__WORK TO COMPLETE__. Using the records below, give again exactly the lines from the line that contains "ペルセウスコックにはまってDeol(デオル) ラインソックス 男性用" through the line that contains "Lockerbie PanAm103 In", both ends included, and only those.

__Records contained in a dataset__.
•••

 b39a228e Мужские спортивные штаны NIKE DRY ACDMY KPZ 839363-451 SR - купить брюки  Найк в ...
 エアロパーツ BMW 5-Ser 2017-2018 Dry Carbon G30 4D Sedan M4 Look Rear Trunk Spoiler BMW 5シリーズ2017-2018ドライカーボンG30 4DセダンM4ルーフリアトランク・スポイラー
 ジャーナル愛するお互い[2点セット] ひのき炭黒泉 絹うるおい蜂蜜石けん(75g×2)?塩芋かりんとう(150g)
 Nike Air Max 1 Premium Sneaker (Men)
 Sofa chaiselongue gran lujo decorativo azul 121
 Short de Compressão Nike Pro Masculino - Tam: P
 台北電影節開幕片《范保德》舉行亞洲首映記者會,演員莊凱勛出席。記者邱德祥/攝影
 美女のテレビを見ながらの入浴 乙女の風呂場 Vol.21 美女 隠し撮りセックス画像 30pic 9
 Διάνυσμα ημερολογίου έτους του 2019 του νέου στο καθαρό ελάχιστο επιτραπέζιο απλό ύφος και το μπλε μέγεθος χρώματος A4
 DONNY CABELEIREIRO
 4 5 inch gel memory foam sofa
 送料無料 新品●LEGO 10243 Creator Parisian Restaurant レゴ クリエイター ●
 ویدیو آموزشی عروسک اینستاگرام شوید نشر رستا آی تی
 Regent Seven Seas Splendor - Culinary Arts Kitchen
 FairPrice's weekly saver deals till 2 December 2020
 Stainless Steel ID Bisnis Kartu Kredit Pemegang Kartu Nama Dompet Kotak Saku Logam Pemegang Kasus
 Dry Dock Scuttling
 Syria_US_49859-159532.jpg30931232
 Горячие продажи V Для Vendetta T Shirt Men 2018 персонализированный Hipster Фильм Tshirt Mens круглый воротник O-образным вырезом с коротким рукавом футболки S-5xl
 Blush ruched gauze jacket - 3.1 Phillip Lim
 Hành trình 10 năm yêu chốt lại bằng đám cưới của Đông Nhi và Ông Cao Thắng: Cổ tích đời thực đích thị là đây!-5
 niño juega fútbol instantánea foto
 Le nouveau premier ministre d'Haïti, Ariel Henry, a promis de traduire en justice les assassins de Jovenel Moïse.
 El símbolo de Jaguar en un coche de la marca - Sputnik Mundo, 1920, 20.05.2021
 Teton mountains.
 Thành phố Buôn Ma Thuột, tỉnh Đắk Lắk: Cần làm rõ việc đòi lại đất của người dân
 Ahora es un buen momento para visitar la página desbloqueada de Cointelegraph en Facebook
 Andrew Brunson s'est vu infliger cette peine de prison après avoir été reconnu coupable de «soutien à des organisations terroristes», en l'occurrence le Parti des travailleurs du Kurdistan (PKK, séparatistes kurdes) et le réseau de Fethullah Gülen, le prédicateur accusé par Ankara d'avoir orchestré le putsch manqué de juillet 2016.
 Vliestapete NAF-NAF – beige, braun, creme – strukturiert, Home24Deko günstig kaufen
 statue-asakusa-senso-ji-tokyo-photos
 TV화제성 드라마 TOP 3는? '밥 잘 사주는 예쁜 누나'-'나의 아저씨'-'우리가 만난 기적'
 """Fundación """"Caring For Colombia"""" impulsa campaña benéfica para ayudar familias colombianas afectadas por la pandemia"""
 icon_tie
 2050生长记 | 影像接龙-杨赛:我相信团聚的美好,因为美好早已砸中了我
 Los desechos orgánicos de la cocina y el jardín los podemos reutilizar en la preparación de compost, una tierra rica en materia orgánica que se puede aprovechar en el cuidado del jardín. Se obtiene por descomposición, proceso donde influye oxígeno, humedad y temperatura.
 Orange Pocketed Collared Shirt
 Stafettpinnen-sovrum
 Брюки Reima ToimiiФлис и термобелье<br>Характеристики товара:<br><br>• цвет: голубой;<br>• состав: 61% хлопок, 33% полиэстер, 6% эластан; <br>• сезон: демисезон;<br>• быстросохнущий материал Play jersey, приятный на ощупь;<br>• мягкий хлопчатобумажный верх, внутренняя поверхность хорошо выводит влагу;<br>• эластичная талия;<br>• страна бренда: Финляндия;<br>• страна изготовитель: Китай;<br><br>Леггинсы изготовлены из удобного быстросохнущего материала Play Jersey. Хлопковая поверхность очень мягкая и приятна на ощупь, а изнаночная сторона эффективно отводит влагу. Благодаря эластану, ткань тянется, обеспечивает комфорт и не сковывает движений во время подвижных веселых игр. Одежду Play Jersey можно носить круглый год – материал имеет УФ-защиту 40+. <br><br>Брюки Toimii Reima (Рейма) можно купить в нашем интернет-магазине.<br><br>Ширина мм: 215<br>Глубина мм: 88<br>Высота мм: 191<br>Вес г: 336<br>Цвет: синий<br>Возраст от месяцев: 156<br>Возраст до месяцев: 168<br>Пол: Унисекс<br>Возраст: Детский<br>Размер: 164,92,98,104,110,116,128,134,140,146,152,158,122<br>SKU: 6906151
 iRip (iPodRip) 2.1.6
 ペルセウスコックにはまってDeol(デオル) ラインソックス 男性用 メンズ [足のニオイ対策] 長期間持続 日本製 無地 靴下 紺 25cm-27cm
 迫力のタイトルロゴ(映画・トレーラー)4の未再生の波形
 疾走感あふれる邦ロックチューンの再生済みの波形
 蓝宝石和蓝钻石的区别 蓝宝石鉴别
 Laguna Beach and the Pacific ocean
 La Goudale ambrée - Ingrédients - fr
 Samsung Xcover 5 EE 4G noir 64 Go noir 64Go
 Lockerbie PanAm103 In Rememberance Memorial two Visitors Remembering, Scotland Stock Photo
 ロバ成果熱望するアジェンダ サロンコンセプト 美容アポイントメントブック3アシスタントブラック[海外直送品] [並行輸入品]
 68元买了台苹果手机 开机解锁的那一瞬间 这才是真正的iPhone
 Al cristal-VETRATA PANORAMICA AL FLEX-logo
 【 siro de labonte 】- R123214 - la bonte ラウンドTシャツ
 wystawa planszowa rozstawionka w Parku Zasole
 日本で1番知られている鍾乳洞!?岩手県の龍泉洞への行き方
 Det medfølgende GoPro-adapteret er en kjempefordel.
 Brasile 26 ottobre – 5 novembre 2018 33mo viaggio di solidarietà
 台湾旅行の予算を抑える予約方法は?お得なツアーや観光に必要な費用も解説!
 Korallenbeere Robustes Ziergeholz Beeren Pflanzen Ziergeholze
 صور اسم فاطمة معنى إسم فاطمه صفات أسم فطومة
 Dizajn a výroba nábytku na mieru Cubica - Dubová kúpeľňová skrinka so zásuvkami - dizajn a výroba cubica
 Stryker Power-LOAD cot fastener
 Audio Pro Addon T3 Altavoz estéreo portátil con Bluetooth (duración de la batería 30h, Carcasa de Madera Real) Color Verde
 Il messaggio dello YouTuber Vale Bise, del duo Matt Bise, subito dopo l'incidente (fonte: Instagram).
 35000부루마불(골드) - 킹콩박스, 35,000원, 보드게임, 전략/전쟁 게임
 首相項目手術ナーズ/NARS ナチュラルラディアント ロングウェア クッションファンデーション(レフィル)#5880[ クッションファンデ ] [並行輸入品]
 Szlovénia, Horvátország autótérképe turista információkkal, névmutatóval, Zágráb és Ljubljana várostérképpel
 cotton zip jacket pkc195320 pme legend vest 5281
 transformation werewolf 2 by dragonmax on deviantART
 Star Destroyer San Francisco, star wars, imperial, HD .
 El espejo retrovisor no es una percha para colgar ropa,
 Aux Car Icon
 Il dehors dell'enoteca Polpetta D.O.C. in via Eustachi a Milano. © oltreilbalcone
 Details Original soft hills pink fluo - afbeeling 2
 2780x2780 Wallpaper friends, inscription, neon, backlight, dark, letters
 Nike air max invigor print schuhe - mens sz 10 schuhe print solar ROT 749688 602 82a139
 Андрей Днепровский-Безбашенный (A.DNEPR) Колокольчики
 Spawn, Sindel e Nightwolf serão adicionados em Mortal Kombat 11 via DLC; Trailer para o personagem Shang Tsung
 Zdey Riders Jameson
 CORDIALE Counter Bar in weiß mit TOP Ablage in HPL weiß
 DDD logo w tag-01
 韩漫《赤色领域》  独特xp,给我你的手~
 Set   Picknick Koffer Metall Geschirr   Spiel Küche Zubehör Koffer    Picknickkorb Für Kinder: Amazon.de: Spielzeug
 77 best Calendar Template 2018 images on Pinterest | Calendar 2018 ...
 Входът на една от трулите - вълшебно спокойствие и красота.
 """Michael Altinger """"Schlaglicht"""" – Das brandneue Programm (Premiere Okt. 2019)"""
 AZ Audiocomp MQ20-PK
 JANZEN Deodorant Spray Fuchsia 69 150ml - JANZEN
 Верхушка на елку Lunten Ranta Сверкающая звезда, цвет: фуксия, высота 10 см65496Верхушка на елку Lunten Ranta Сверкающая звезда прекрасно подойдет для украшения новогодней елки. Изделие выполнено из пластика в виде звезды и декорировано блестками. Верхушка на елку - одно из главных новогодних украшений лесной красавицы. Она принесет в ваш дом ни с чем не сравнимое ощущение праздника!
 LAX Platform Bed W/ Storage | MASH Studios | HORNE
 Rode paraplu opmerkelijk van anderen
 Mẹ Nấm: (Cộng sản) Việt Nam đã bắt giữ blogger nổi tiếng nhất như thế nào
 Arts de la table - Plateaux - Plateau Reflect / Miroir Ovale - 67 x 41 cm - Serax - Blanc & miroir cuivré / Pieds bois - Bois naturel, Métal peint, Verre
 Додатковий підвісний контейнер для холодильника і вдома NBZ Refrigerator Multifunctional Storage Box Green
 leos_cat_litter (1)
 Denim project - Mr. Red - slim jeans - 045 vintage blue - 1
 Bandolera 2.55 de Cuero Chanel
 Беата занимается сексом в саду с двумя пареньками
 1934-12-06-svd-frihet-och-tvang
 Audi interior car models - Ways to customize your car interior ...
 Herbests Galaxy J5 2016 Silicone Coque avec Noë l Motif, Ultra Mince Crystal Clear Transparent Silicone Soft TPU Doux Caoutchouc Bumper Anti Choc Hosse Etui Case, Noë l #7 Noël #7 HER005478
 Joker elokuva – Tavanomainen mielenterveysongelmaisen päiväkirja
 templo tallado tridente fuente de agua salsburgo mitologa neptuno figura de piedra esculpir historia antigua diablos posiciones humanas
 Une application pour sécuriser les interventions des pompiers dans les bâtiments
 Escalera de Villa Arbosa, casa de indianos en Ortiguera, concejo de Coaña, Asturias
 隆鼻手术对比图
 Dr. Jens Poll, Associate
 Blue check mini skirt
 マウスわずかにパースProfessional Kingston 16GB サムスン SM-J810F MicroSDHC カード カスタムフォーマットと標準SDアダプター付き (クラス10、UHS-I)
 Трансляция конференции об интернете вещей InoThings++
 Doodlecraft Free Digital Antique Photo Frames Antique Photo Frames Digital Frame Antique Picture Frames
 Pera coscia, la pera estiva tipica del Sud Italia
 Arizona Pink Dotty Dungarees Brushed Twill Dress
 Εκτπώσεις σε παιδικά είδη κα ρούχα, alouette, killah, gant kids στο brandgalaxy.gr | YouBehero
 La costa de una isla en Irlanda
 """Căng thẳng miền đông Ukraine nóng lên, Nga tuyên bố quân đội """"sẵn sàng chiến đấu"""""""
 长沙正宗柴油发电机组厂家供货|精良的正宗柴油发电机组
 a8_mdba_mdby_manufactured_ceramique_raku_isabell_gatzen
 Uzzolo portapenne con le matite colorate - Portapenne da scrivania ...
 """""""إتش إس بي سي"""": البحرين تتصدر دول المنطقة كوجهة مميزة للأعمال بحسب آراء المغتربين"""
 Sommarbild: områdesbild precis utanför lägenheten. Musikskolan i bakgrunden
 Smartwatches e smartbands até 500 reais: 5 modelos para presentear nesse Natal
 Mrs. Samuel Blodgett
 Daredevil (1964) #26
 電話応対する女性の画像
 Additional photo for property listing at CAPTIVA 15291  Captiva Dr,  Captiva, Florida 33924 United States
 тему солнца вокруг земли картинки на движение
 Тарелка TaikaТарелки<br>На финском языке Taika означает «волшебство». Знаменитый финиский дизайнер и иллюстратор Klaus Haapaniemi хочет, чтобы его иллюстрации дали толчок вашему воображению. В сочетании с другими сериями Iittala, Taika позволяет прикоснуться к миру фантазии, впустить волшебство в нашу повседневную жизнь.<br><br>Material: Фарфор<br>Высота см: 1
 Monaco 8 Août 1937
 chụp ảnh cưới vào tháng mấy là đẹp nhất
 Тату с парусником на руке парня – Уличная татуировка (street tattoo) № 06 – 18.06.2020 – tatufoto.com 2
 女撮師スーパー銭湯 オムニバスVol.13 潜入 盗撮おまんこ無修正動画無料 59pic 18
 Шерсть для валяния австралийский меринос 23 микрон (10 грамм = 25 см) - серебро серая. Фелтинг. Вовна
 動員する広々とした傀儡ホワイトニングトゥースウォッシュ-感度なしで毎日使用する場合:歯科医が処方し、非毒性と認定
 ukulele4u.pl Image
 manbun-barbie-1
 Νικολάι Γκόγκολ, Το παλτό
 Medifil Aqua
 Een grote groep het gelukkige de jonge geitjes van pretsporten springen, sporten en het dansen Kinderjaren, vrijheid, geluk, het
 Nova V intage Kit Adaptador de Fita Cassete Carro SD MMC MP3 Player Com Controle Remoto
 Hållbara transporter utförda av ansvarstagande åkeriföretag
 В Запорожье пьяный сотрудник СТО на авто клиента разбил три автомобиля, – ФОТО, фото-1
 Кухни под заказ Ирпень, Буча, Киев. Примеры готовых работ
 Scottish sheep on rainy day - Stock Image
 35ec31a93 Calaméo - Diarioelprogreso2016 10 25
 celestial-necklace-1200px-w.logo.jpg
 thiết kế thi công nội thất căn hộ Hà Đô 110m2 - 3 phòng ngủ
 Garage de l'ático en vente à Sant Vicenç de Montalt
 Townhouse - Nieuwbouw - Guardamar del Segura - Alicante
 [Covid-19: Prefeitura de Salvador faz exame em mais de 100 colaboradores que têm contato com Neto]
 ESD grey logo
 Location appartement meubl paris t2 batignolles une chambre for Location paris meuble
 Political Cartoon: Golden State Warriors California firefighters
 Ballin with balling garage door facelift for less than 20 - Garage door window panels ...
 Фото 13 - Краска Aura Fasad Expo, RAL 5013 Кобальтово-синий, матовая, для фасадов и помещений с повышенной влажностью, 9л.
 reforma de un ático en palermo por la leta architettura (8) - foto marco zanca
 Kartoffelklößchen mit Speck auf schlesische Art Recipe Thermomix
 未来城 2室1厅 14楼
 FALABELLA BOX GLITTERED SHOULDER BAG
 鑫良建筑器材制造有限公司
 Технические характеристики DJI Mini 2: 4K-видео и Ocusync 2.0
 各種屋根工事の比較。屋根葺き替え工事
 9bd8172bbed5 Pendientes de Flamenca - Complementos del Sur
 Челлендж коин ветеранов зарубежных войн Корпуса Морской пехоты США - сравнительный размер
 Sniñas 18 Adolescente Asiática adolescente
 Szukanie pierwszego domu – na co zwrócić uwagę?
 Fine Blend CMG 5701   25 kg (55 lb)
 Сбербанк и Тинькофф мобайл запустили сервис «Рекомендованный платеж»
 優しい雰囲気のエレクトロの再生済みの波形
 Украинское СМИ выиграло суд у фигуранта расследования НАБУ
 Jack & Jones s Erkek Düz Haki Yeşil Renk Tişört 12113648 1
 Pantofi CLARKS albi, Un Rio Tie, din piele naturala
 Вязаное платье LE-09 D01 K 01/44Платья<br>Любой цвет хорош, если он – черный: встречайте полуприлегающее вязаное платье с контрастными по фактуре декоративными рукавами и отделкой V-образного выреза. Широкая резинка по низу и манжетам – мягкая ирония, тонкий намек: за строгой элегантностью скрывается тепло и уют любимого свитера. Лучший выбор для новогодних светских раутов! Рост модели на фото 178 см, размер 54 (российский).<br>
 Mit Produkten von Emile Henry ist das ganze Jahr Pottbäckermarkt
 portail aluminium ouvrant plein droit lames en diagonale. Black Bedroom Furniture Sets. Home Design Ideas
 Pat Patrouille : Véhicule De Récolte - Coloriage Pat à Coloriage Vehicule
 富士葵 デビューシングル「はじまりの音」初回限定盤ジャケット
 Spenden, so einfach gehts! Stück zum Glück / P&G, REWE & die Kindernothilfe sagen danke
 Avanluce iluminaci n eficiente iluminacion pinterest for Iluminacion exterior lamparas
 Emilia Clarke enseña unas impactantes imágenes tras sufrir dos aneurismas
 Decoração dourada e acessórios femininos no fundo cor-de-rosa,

•••

__RESULT OF THIS EXERCISE__.
 ペルセウスコックにはまってDeol(デオル) ラインソックス 男性用 メンズ [足のニオイ対策] 長期間持続 日本製 無地 靴下 紺 25cm-27cm
 迫力のタイトルロゴ(映画・トレーラー)4の未再生の波形
 疾走感あふれる邦ロックチューンの再生済みの波形
 蓝宝石和蓝钻石的区别 蓝宝石鉴别
 Laguna Beach and the Pacific ocean
 La Goudale ambrée - Ingrédients - fr
 Samsung Xcover 5 EE 4G noir 64 Go noir 64Go
 Lockerbie PanAm103 In Rememberance Memorial two Visitors Remembering, Scotland Stock Photo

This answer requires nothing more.